Вздрогнув от неожиданности и чувствуя, что краска бросилась мне в лицо, я отворил дверь и увидел невысокого худощавого человека, с редкими, зачесанными назад волосами, в поношенном сюртуке, в общем — вида совершенно непримечательного, таких в толпе, как говорится, тринадцать на дюжину. Удивительно, но это именно он оказался обладателем звучного, чуть ли не оперного, баритона. За плечом его маячил письмоводитель, очевидно, указывавший ему дорогу. Отрекомендовался посетитель так:

— Позвольте представиться, Барков Сила Емельяныч.

Слегка склонив голову и прищелкнув каблуками, он выжидательно глянул на меня, полагая, видно, что его полное имя избавляет от необходимости назвать свою должность. Я смешался: первая мысль, пришедшая мне в голову, была о том, что это меня пришли арестовывать. Руки мои предательски задрожали, и я не посмел обменяться рукопожатием с визитером.

Пауза тянулась. Письмоводитель незаметно покинул нашу компанию, сочтя свою миссию выполненной. Я обнаружил, что Сила Емельяныч весьма дружелюбно на меня поглядывает. Руки он заложил за спину, видимо, почувствовав мое нежелание здороваться за руку, и слегка покачивался с каблука на носок. Наконец, понимая, что молчать дольше неприлично, я выдавил:

— Прошу пройти, — и сам удивился, как тихо и хрипло звучал мой голос.

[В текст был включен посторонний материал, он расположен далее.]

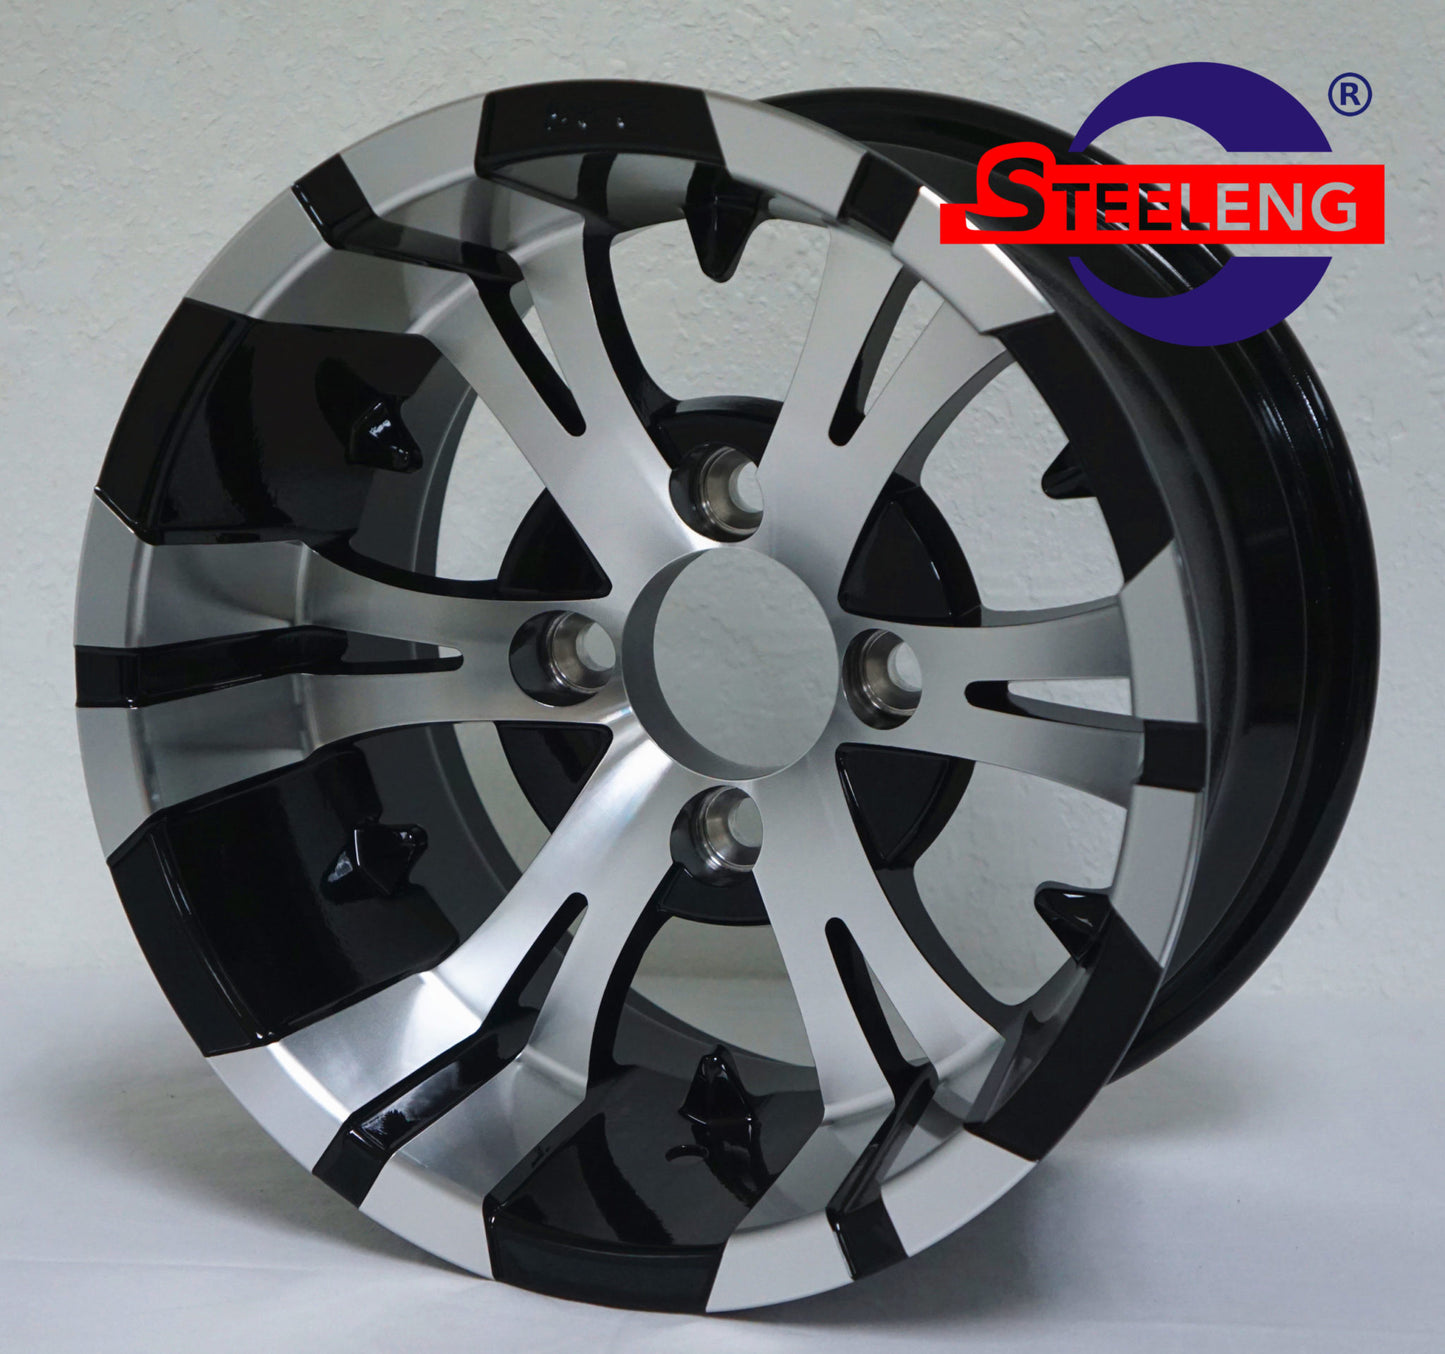 WH1245 – SGC 12″ Vampire Machined/Black Wheel – Aluminum Alloy

Посторонившись, я дал войти посетителю — видимо, какому-то невысокому полицейскому чину, но он качнулся на каблуках и отрицательно повернул голову, оставшись у порога. Сбоку он вдруг показался мне похожим на большую умную птицу — крупный нос с горбинкой и темные блестящие глаза сообщали ему это сходство. Неловкость моя усилилась. Визитер же продолжал меня разглядывать исподтишка, а я — его. Между прочим, я заметил, что штиблеты у него запыленные, стоптанные с наружных краев; значит, косолапит при ходьбе, да и ходить приходится много. Точно, невелика птица; не выше полицейского надзирателя, вероятно. Коллежский регистратор, прапорщик с годовым жалованьем в четыре сотни рублей, а лет ему меж тем немало…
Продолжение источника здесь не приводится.